PORTES OUVERTES AUX MAISONS CLOSES ?
La députée du Var Valérie Gomez-Bassac a relancé le débat en déclarant que l’idée de la réouverture des maisons closes ne devait pas être écartée. Les avis sont contrastés. Nos lecteurs y sont plutôt favorables.
En déclarant qu’elle n’écartait pas l’idée de leur réouverture, la députée Valérie Gomez-Bassac ne mesurait pas la portée de ses propos. Dans le Var, les escorts de luxe côtoient les rescapées de camps de réfugiés, avec en toile de fond une loi de 2016 qui peine à être appliquée
La prostitution est un thème qui, de tout temps, a irrigué la littérature et les arts.
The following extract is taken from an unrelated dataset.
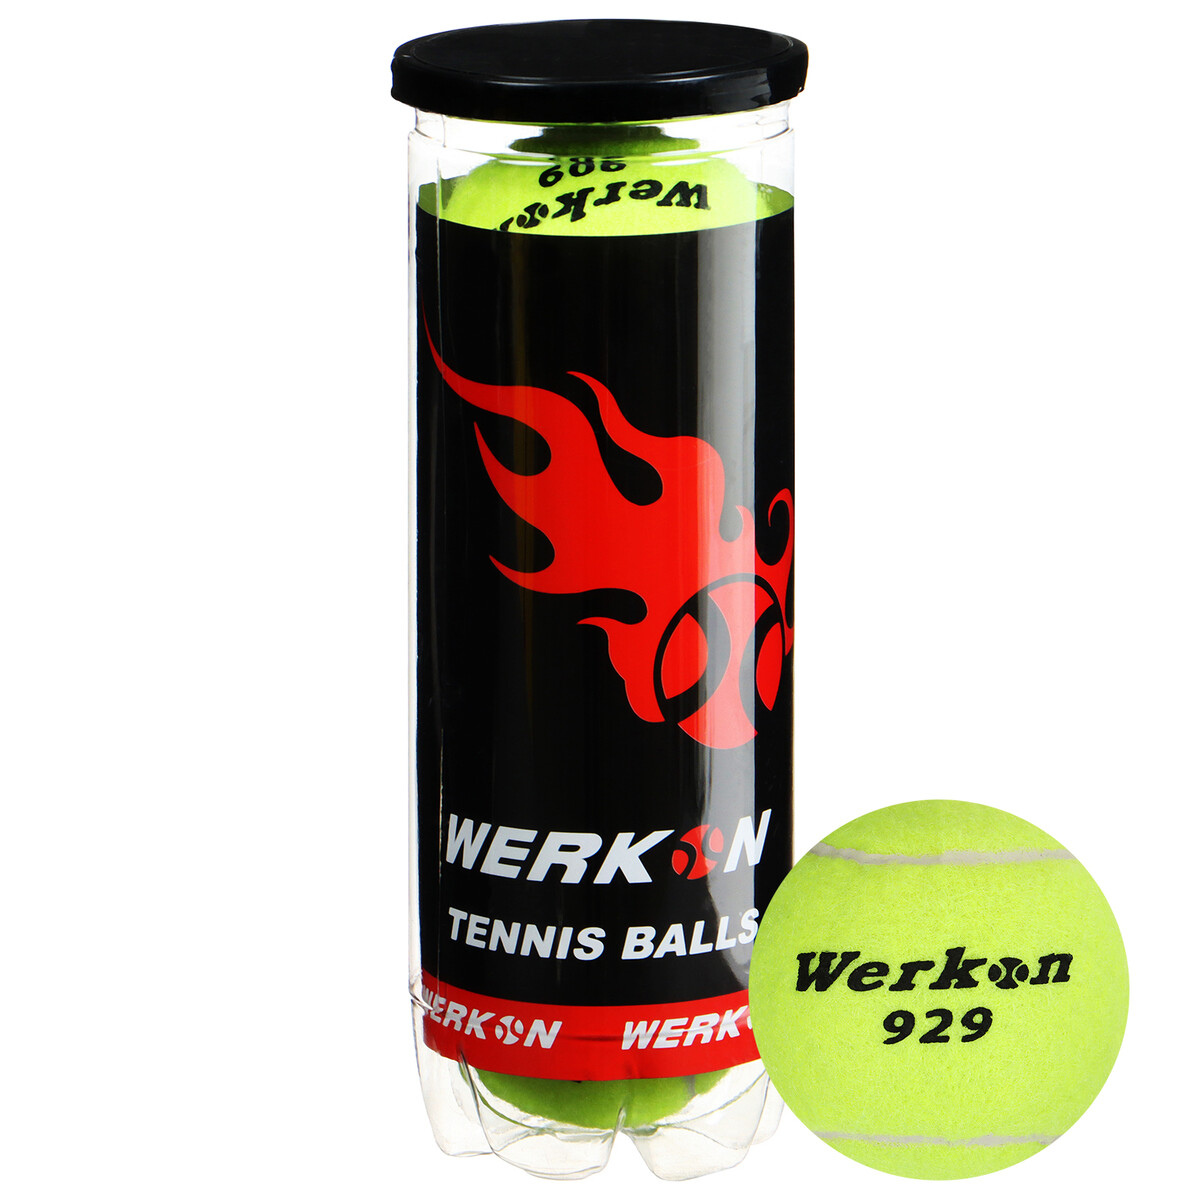 Набор мячей для большого тенниса werkon 929 в тубе, 3 шт. набор зажимов для бумаг ных 19мм 40 штук 4 а в пластиковой тубе

Deux films français, Sauvage et Shéhérazade, viennent de traiter le sujet frontalement. Dans une veine réaliste, loin de l’artifice poétique. Une plongée sans concession dans un quotidien précaire, aux antipodes du regard décalé des réalités que certains semblent encore avoir sur cette douloureuse exploitation corporelle. En cette fin d’été, la députée de la 6e circonscription du Var, Valérie Gomez-Bassac, en visite à la brigade de gendarmerie de La Roquebrussanne, plaidait de son côté pour un « retour des maisons closes » dans l’Hexagone. Des propos qui ont rouvert de manière enflammée le débat sur la prostitution et ses lieux dédiés...
Le pire des enfermements
Dans le Var, elles seraient quelque 250 à pratiquer dans la rue, dont plus de 90 % d’étrangères pour une moyenne d’âge de 35 ans. « Des chiffres très compliqués à confirmer», modère toutefois Muriel Huré, déléguée du Mouvement du Nid (lire par ailleurs) qui va ponctuellement à leur rencontre à travers le département. « Sur Toulon, on les retrouve vers la gare, avenue Vauban, le long du Zénith, vers la préfecture... Surtout des Nigérianes car il ne reste plus que quelques Roumaines depuis que le réseau a été démantelé l’an dernier. À Brignoles ou Le Muy, elles exercent sur les routes l’après-midi, aux Arcs près de la gare. À Port-Fréjus, il y a les “salons de massage”», à Saint-Tropez les escort de luxe qui sont, elles aussi, impossibles à recenser, etc.», énumère celle qui a répondu par une lettre cinglante aux propos de la députée varoise. « La prostitution est un sujet complexe dont il ne faut pas parler à la légère ! Vous voulez les enfermer alors que, comme me le disait une personne qui a connu les maisons closes avant la loi de Marthe Richard en 1946, “l’enfer de cet enfermement était le pire que l’on puisse imaginer” ». «Plus récemment, la police espagnole a libéré du Club Dallas 23 jeunes Roumaines, dont trois majeures seulement... Elles étaient toutes brûlées à la cigarette et n’avaient depuis des mois que quatre heures par jour pour se reposer. Rendement oblige ! La presse espagnole en a à peine parlé et en France, nous n’en avons eu qu’un faible écho. En 2017, nos délégations ont rencontré 5 861 personnes sur le trottoir. Je peux vous dire qu’aucune d’entre elles ne rêve de maison close où c’est l’abattage. D’ailleurs, dans les pays “régularistes”, où la prostitution devient un métier, beaucoup préfèrent la rue », conclut Mme Huré à l’attention de l’élue basée à Rocbaron, muette en retour.
Crime organisé
« Oui, les maisons closes existent en Catalogne, Allemagne et Pays-Bas. Mais ces pays s’interrogent sur ce modèle ultralibéral qui feint de penser que la prostitution pourrait être une activité professionnelle comme une autre. Ils se rendent compte que les personnes qui “travaillent” sont en fait des étrangères exploitées, de plus en plus souvent des mineures et les propriétaires, des représentants du crime organisé », tranche Me Charpenel, pour qui ce remugle d’un autre âge n’est pas plus envisageable en milieu clos qu’en bordure de trottoir.